Storage is always at a premium in most trailers. Last year somebody posted (forget who it was) that the space below the cabinets in the bathroom on the 25RSS was empty and unused. They had made the cabinet flooring above the space removable so they could store bulky stuff in there that was not used very often. I thought it was a great idea, so I set out to do the mod myself. As I was contemplating how to go about this, DW suggested that instead of removing the cabinet floor, I could gain access to the space through the wall in the bunkhouse. A little investigation and I determined that this was indeed possible.

I carefully cut through the walls (there are two back to back) and revealed the space. It is indeed pristine, unused space (shame on you Keystone!!).










I decide to make the door a slider style instead of using a hinge since it would be easier to open in the somewhat confined space. I used the piece of the wall I cut out for the door. I routed a channel in the trim for the door to slide inside. Here is the door open and closed.



















And a final picture with the space in use!

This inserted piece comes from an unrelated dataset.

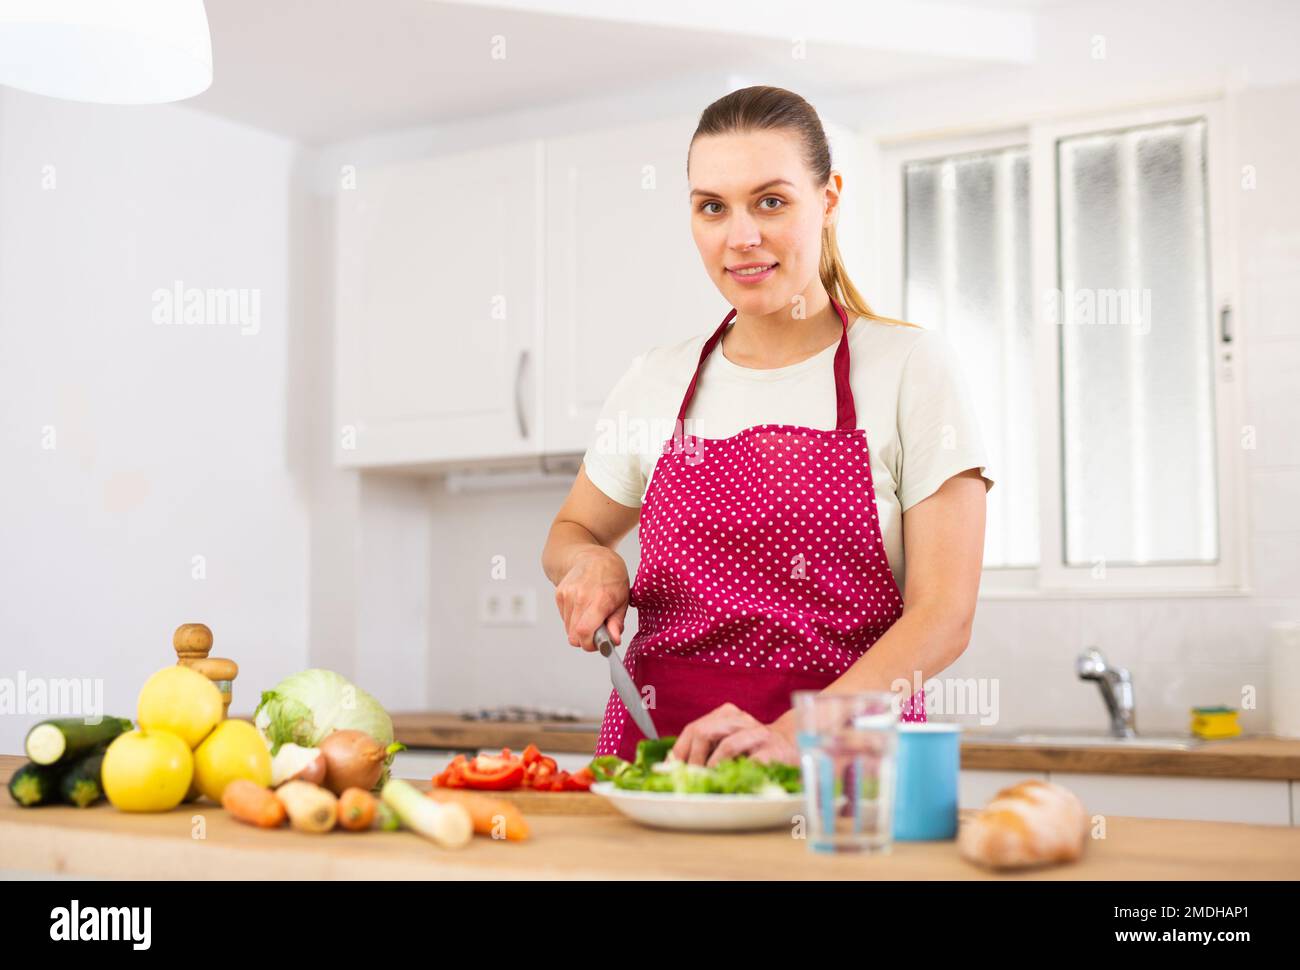 La donna positiva sta tagliando le verdure per l'insalata in cucina nel paese Foto Stock
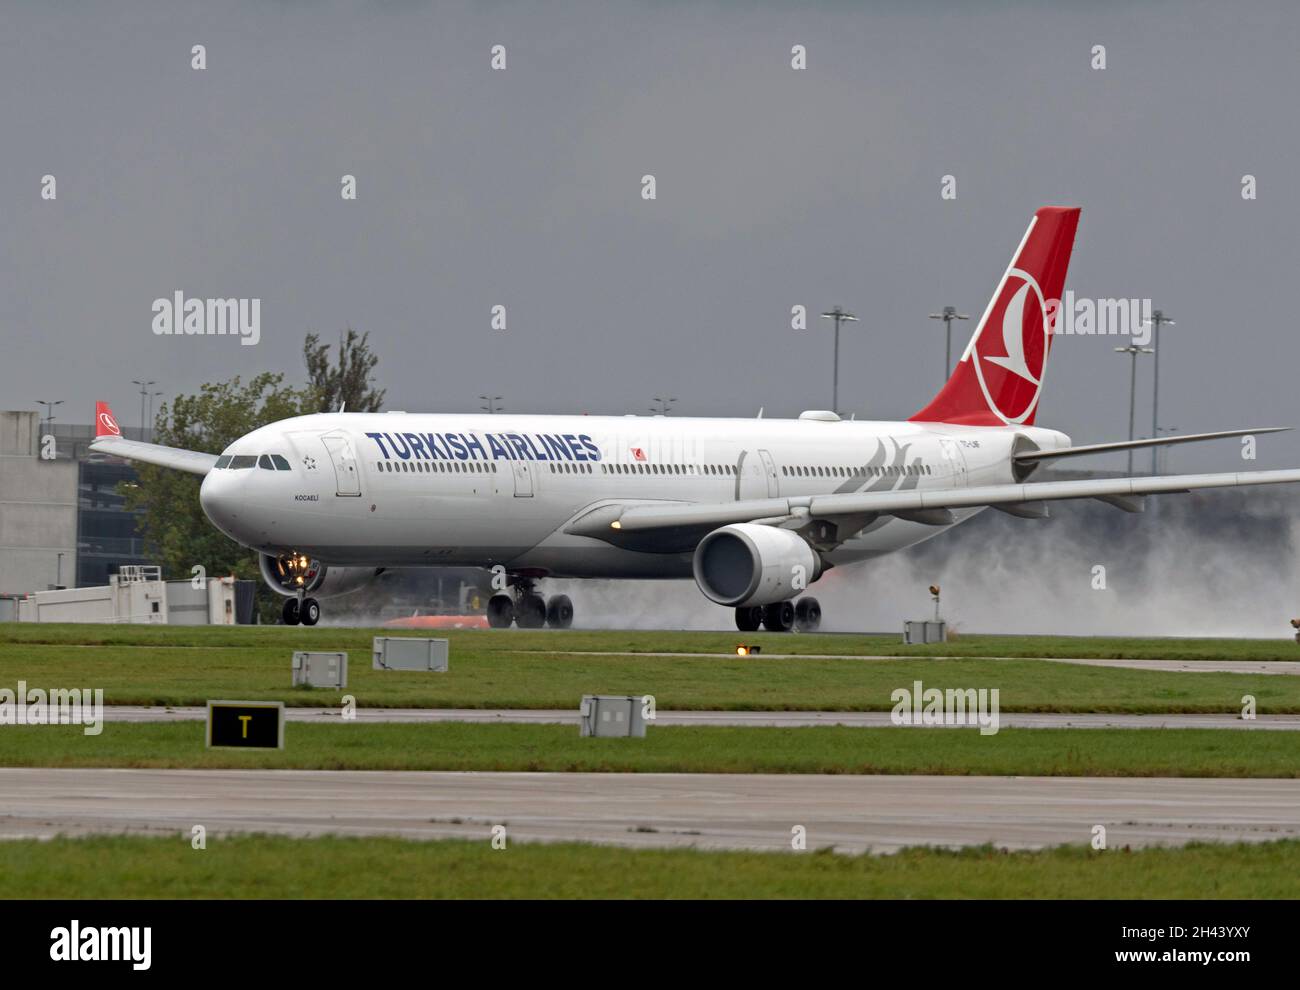 Turkish Airlines Airbus A330-303, TC-LNF, in direzione del decollo all'aeroporto di Manchester Foto Stock

We plan to use this to store that bulky, need it once in a while kind of stuff like TP and paper towels. The space is perfect for these types of items.

DAN


----------



## Insomniak (Jul 7, 2006)

TwoElkhounds said:


> Storage is always at a premium in most trailers. Last year somebody posted (forget who it was) that the space below the cabinets in the bathroom on the 25RSS was empty and unused. They had made the cabinet flooring above the space removable so they could store bulky stuff in there that was not used very often. I thought it was a great idea, so I set out to do the mod myself. As I was contemplating how to go about this, DW suggested that instead of removing the cabinet floor, I could gain access to the space through the wall in the bunkhouse. A little investigation and I determined that this was indeed possible.
> 
> I carefully cut through the walls (there are two back to back) and revealed the space. It is indeed pristine, unused space (shame on you Keystone!!).
> 
> ...


Beautiful mod - nice work!


----------



## Oregon_Camper (Sep 13, 2004)

Very nice!! I could do that on our 301BQ....the access would be from the Master Bedroom. Great place to store stuff for sure.


----------



## duggy (Mar 17, 2010)

Nice mod! We need access to every space we can get!


----------



## Insomniak (Jul 7, 2006)

Oregon_Camper said:


> Very nice!! I could do that on our 301BQ....the access would be from the Master Bedroom. Great place to store stuff for sure.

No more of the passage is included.